A flaw was found in the way Ansible passed certain parameters to the jenkins_plugin module. A remote attacker could use this flaw to expose sensitive information from a remote host's logs. This flaw was fixed by not allowing passwords to be specified in the "params" argument, and noting this in the module documentation.
It was discovered that jenkins_plugin module in Ansible exposes passwords with the params attribute in the system logs of the remote host. Low privileged user on remote host can access the logs and is able to log into Jenkins instance as administrator.
Name: Stefano Mazzucco (Kirontech)
Created ansible tracking bugs for this issue:
Affects: epel-all [bug 1495237]
Affects: fedora-all [bug 1495236]
I took a look at this bug upstream and filed: https://github.com/ansible/ansible/issues/30874
It looks to be mostly a documentation bug. The jenkins_plugin is a community written plugin. It logs into a jenkins server to manage plugins installed there. The plugin has the standard argument, url_password in order to authenticate to the jenkins server.
It also has a non-standard, params argument. The params argument takes a free-form dict of values and then override the normal module params with those arguments. This may have been added during development and then in module review mistaken as a set of arbitrary params that had to be passed to the jenkins server rather than being a supplement to the ansible module arguments. I've requested that the community maintainer of the module remove the params argument in the upstream bug report.
The documentation issue is that the module's documentation tells users to use the params to pass url_password into the module. Doing this bypasses the module's setting of no_log on the url_password. Instead, the module should document setting url_password via the proper url_password field. If the user use's the actual url_password argument then the password should be properly hidden.

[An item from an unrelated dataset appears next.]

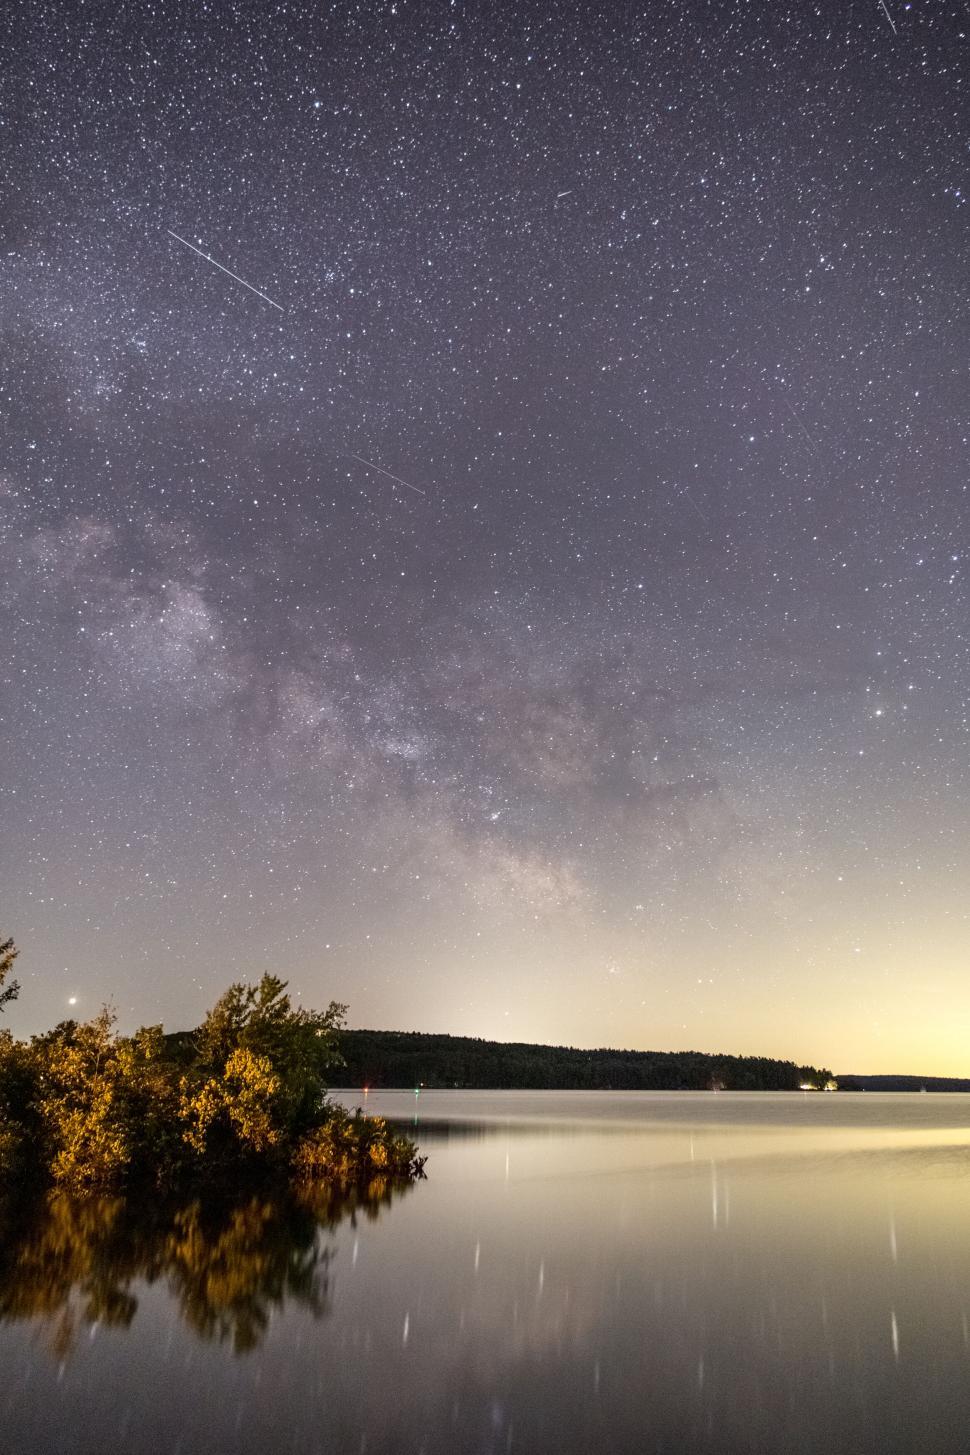 Free Image of Milky Way over a serene lake landscape

I'll change the documentation immediately for our next upstream release.
I went a little further in the PR I eventually merged upstream: https://github.com/ansible/ansible/pull/30875 In addition to changing the documentation, the PR prevents the user from specifying url_password in the param argument (an error is raised if the user attempts to do so.) The PR has been applied in the 2.3.x, 2.4.x, and devel branches. If there's another release for 2.3.x, this change will be in 2.3.3. It will be in 2.4.1 (out in about a month). It will be in 2.5.0 (~4 months from now). If you want to apply the patch now, the changes in that PR applied cleanly on all of the branches.
Red Hat OpenStack Platform will no longer be updating the Ansible package in:
* Red Hat OpenStack Platform 10 (Newton)
* Red Hat OpenStack Platform 11 (Ocata)
As of Red Hat Enterprise Linux 7.4, customers can consume an updated Ansible package directly from the extras-rhel-7.4 channel. For more information, refer to Red Hat Enterprise Linux release information.
This issue has been addressed in the following products:
Red Hat Enterprise Linux 7 Extras
Via RHSA-2017:2966 https://access.redhat.com/errata/RHSA-2017:2966
Jenkins is not installed via ansible in Openshift Enterprise. Marking as notaffected.